Stored records:
_ _ _

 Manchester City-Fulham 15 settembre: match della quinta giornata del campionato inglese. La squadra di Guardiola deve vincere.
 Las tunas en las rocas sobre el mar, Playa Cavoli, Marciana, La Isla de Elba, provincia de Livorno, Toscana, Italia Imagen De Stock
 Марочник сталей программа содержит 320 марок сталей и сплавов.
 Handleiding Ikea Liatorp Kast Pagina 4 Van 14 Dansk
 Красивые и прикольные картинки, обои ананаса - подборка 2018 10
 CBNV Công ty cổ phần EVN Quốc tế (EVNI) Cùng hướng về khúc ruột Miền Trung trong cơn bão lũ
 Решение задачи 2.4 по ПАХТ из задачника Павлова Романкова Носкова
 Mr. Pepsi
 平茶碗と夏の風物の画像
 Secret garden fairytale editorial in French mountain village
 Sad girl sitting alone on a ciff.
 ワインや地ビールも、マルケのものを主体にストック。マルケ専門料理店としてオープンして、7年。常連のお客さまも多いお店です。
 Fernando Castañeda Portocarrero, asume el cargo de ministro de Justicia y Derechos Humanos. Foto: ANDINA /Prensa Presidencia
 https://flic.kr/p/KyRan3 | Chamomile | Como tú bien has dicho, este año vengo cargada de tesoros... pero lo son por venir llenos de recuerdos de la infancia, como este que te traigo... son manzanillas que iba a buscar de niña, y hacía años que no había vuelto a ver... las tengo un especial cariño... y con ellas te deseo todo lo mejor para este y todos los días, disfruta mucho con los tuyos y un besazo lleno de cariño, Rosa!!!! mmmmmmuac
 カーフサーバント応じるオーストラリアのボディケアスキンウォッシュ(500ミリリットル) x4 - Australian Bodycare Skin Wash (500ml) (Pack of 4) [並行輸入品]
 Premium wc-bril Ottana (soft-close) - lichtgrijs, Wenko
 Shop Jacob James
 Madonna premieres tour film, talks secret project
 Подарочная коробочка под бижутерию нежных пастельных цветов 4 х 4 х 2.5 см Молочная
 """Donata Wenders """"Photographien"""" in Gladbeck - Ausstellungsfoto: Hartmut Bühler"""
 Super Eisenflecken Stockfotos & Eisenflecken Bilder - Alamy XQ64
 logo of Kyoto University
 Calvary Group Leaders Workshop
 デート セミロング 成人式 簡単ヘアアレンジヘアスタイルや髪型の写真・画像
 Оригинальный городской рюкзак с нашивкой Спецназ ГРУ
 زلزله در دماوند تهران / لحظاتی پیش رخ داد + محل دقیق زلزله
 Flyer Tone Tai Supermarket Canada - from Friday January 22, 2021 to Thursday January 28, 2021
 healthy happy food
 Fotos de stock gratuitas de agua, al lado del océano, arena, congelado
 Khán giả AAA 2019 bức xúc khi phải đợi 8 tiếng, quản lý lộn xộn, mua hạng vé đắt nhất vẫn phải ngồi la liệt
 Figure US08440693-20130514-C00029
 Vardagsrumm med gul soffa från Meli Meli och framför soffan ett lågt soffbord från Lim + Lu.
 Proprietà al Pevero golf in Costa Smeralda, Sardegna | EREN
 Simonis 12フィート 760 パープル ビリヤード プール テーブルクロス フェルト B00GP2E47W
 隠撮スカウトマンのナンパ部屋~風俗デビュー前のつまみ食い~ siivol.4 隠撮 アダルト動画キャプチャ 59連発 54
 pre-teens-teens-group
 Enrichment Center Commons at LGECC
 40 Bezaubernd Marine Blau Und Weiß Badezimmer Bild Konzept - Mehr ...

_ _ _

§ **EXERCISE DIRECTIONS**
Beginning at the top of the records above, transcribe each line exactly up to and including the line that holds "ワインや地ビールも、マルケの".

§ **TASK ANSWER**
 Manchester City-Fulham 15 settembre: match della quinta giornata del campionato inglese. La squadra di Guardiola deve vincere.
 Las tunas en las rocas sobre el mar, Playa Cavoli, Marciana, La Isla de Elba, provincia de Livorno, Toscana, Italia Imagen De Stock
 Марочник сталей программа содержит 320 марок сталей и сплавов.
 Handleiding Ikea Liatorp Kast Pagina 4 Van 14 Dansk
 Красивые и прикольные картинки, обои ананаса - подборка 2018 10
 CBNV Công ty cổ phần EVN Quốc tế (EVNI) Cùng hướng về khúc ruột Miền Trung trong cơn bão lũ
 Решение задачи 2.4 по ПАХТ из задачника Павлова Романкова Носкова
 Mr. Pepsi
 平茶碗と夏の風物の画像
 Secret garden fairytale editorial in French mountain village
 Sad girl sitting alone on a ciff.
 ワインや地ビールも、マルケのものを主体にストック。マルケ専門料理店としてオープンして、7年。常連のお客さまも多いお店です。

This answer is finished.